Ukuran Potongan Sayuran IQF Indonesia: Panduan Pembeli 2026

8/2/20269 menit baca

Buku pedoman praktis siap-2026 untuk menulis, mengukur, dan menegakkan spesifikasi ukuran potongan IQF di Indonesia. Termasuk ukuran potongan umum, toleransi realistis, metode sederhana kaliper/ayakan, dan sampling AQL sehingga Anda dapat menerbitkan RFQ yang jelas dan memverifikasi saat penerimaan.

Jika Anda pernah membuka kontainer dan menemukan dadu wortel terlalu kecil, buncis terlalu panjang, atau kuntum brokoli yang tidak matang merata, Anda tidak sendirian. Ketidaksesuaian ukuran adalah alasan paling umum mengapa sayuran IQF diberi catatan saat penerimaan.
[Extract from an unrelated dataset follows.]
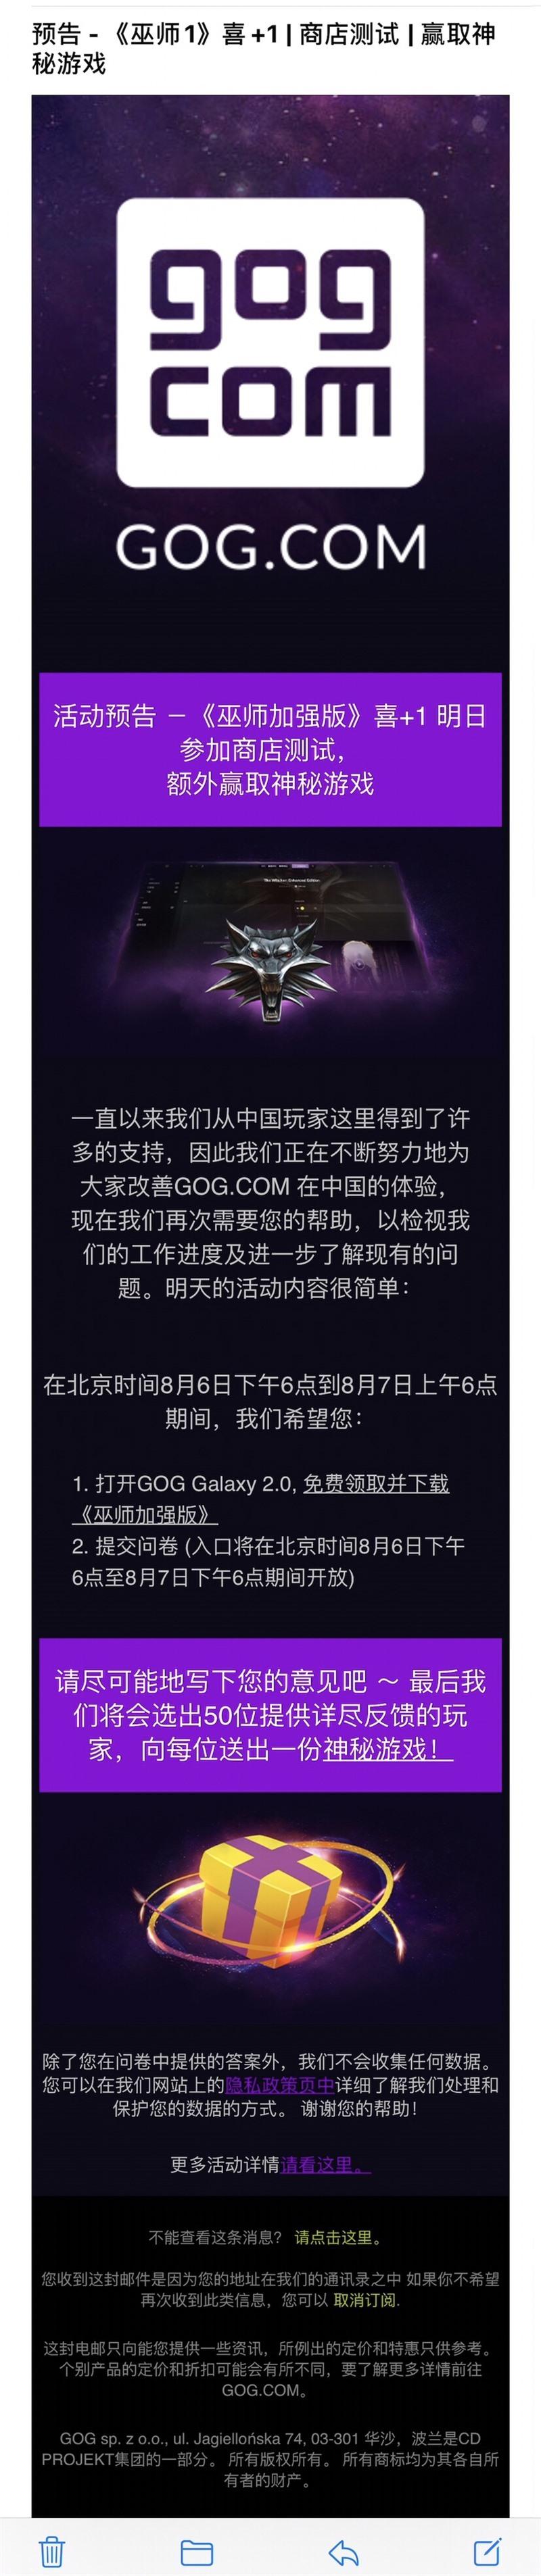 GOG官方宣布Galaxy 2.0 平台可免费领取《巫师加强版》
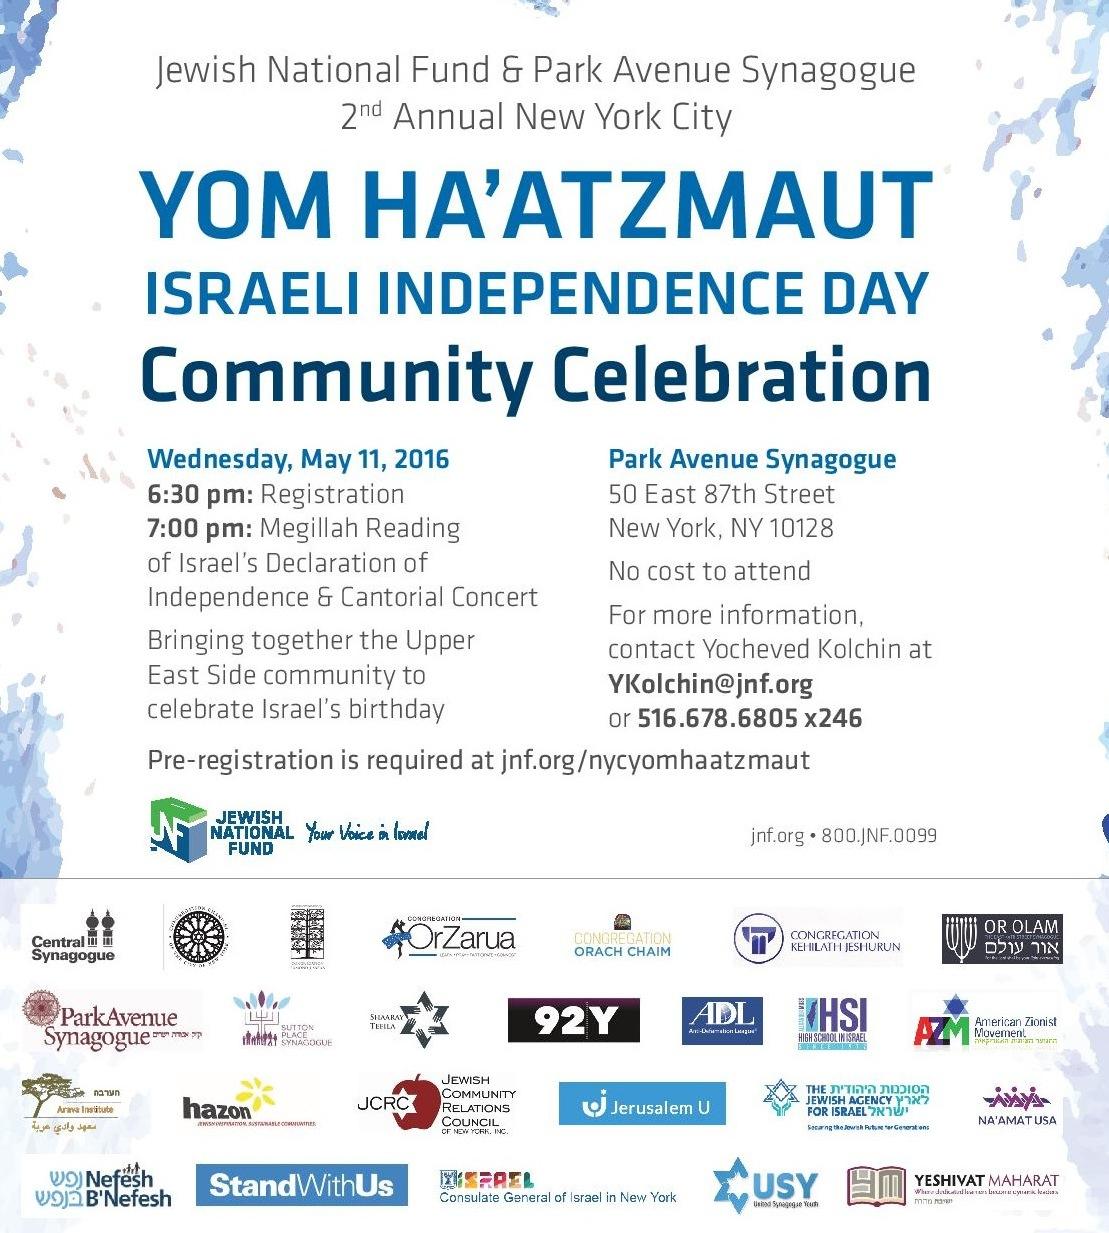 GNY_Yom_Haatzmaut_Flyer-Logos-4.13.16-page-001

Kabar baiknya, Anda dapat mencegah 90% masalah tersebut dengan spesifikasi ukuran potongan yang presisi dan dapat diuji yang dapat dijalankan oleh pemroses di Indonesia. Berikut buku pedoman siap-2026 yang kami gunakan.

Tiga pilar spesifikasi ukuran potongan IQF yang tak terbantahkan

  1. Definisikan potongan dengan jelas. Gunakan ukuran target, metode pengukuran, dan ambang penerimaan. Hindari kata “sekitar” atau “kurang lebih.”

  2. Pastikan dapat diukur di dermaga Anda. Jika tim kualitas Anda tidak dapat memverifikasi spesifikasi dengan kaliper atau saringan dalam 10 menit saat produk masih beku, itu bukan spesifikasi yang baik.

  3. Kaitkan dengan AQL. Putuskan berapa banyak potongan di luar spesifikasi yang akan Anda terima sebelum lot dinyatakan gagal. Cantumkan rencana sampling AQL 2.5 dalam PO Anda.

Ketiga hal ini bersama-sama menghilangkan ambiguitas dan menghentikan bolak-balik tentang “interpretasi.”

Ukuran potongan IQF Indonesia yang umum dipakai pembeli

Berapa ukuran tipikal wortel, buncis, dan brokoli?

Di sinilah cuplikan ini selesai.